Using IX's crystal, Boecius distills a version of the Elixir, but is arrested by Lupo and Klever in a palace coup. Boecius manages to save one drop of the Elixir before Lupo destroys his laboratory and the crystal. From Boecius's notes, Klever determines how to remove IX's armour, and that whoever wears the armour will control the spaceship. Lupo forces the Count to knight Klever, then confines the Count to his quarters. With Boecius as a hostage, Lupo and Klever ride to the spaceship where Klever announces a knightly challenge to IX. IX does not fight, and a disappointed Alba leaves the spaceship. Klever then attacks the spaceship with his lance and flail and claims victory when it flies off. On the way back to the castle, however, IX appears to answer the challenge, having stolen a horse and weapons from the Green Knight. Using his knowledge of IX's suit, Klever manages to remove it, killing IX, then rides off with Lupo to claim the spaceship.

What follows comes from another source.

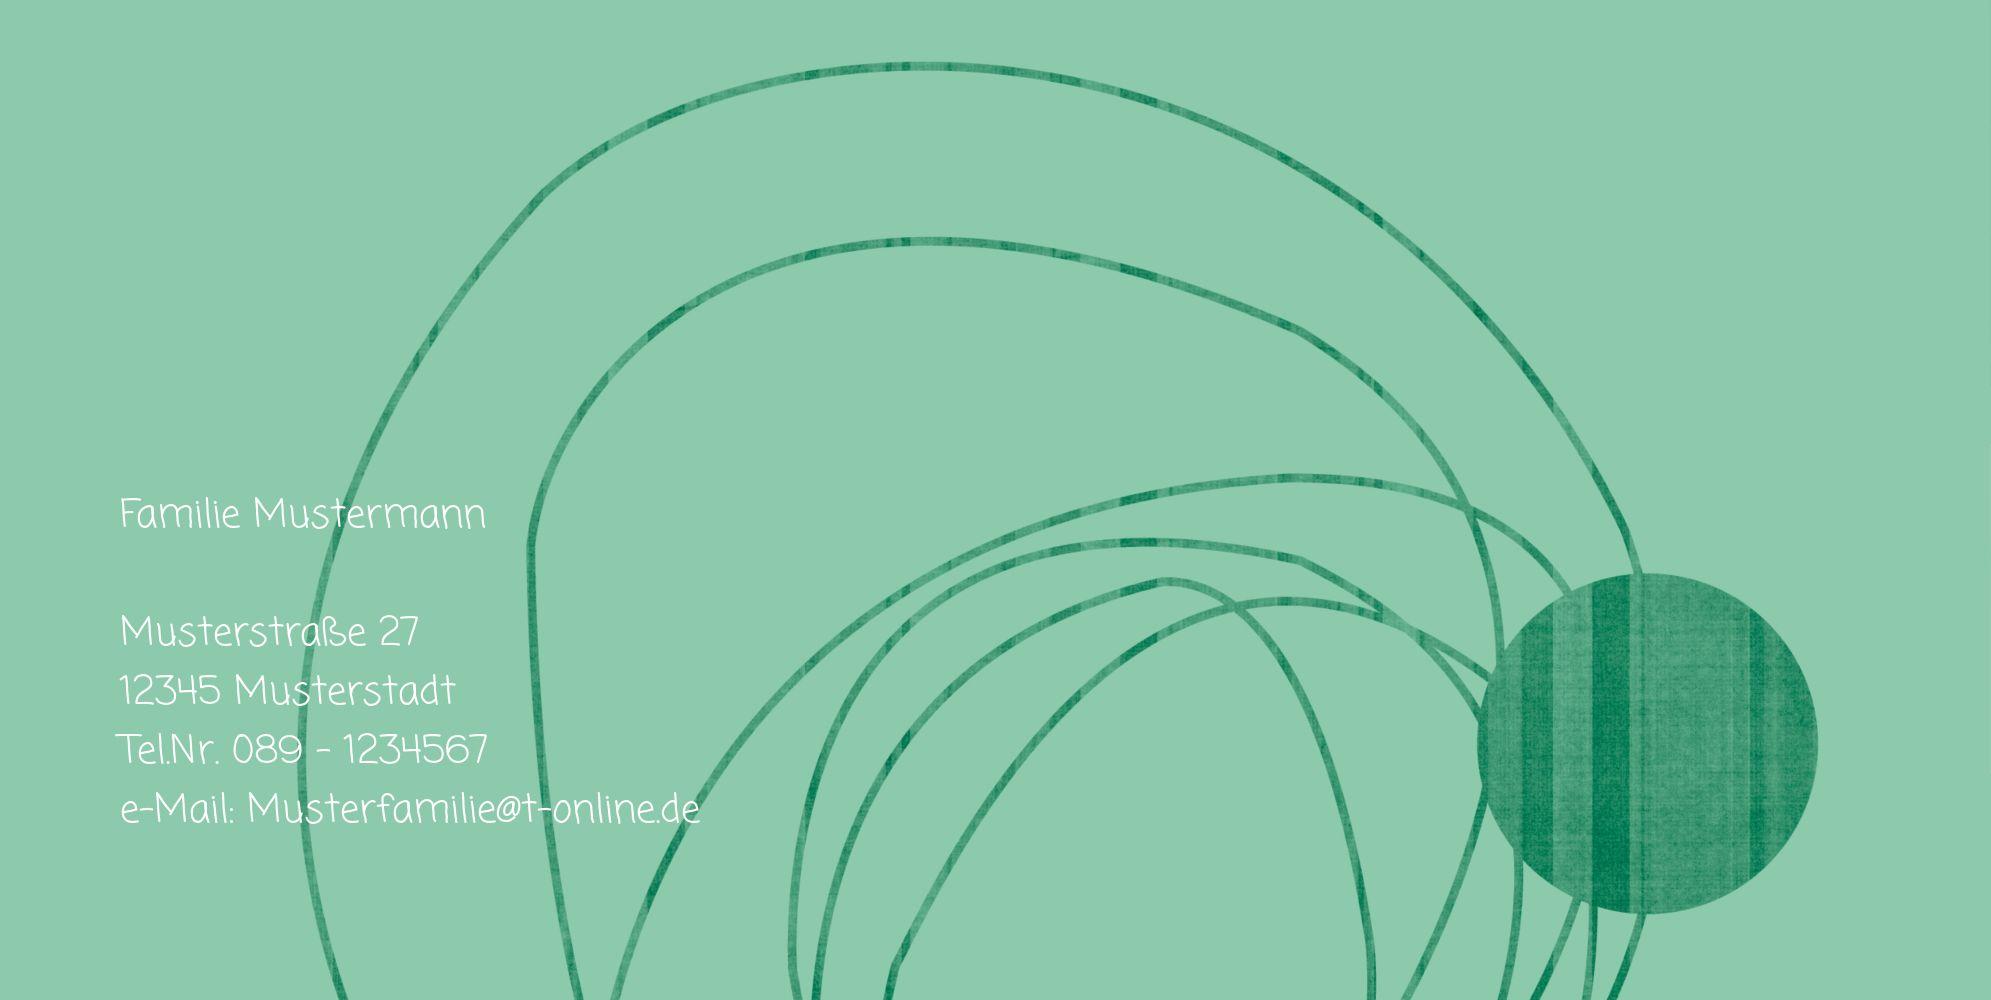 Ansicht 2 - Taufkarte Einladung Wollknäuel

Boecius revives IX with his last drop of the Elixir, which has the side effect of giving him a glowing effect reminiscent of a halo. Klever and Lupo are unable to control the spaceship, which flies into space on autopilot. Alba dresses IX in Klever's armour and they return to the castle with IX, where she and Boecius give IX credit for defeating the dragon and he is hailed as a saint by the people due to his halo. The Count grants IX the promised reward of Alba's hand in marriage and half his land. Klever and Lupo argue as the spaceship continues to fly uncontrollably through deep space.

==Production==
The film had initially a 200 million pesetas budget, and received an additional 50% subsidy. Eventually the budget had to be raised to 300 million, making for a 400 million total (equal to about $4 million USD, adjusted for inflation), the highest in Spanish cinema at the time.

===Casting===
Imanol Arias was initially chosen for the alien's role, and the actor liked the idea, but it was eventually decided that he wasn't suitable for the character. Looking for a more androgynous profile, he was replaced by Miguel Bosé.

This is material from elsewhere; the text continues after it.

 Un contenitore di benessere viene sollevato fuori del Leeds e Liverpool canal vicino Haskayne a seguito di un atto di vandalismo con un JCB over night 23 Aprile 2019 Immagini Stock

For alchemist Boecius the staff was interested in signing a former Hollywood star. The producers successively tried to sign Burt Lancaster, Charlton Heston, Kirk Douglas and Robert Mitchum. An agreement with Vincent Price fell through due to surgery, and his agent offered them Klaus Kinski instead.

===Filming===
The film was shot through the province of Girona. The crew was set in Roses, and the Requesens Castle and the volcanic landscape around Olot were used. The shooting is mostly remembered for the tense relationship between Kinski and most of the cast and crew. According to Fernando Colomo, having to wait on a horse for a while angered him for the rest of the entire production and he was disrespectful to everyone except for Miguel Bosé and the Roma people who took care of the animals used in the film.

==Release==
The film was theatrically released in Spain on 20 December 1985. After the film's theatrical run in its native Spain, CineTel Films picked up the film for a US theatrical release in the summer of 1986. However, the film was not released on videocassette in the US until 1992, when it was released by Vidmark Entertainment.

===Reception===
The film was the seventh most attended Spanish film in 1985, far from the box office performance expected to make up for its record budget. The production also resulted in a dispute with the American distributors, which broke off their contract following a delay. Colomo was left with a 50 million pesetas debt that he covered with the gains from his next film, La vida alegre.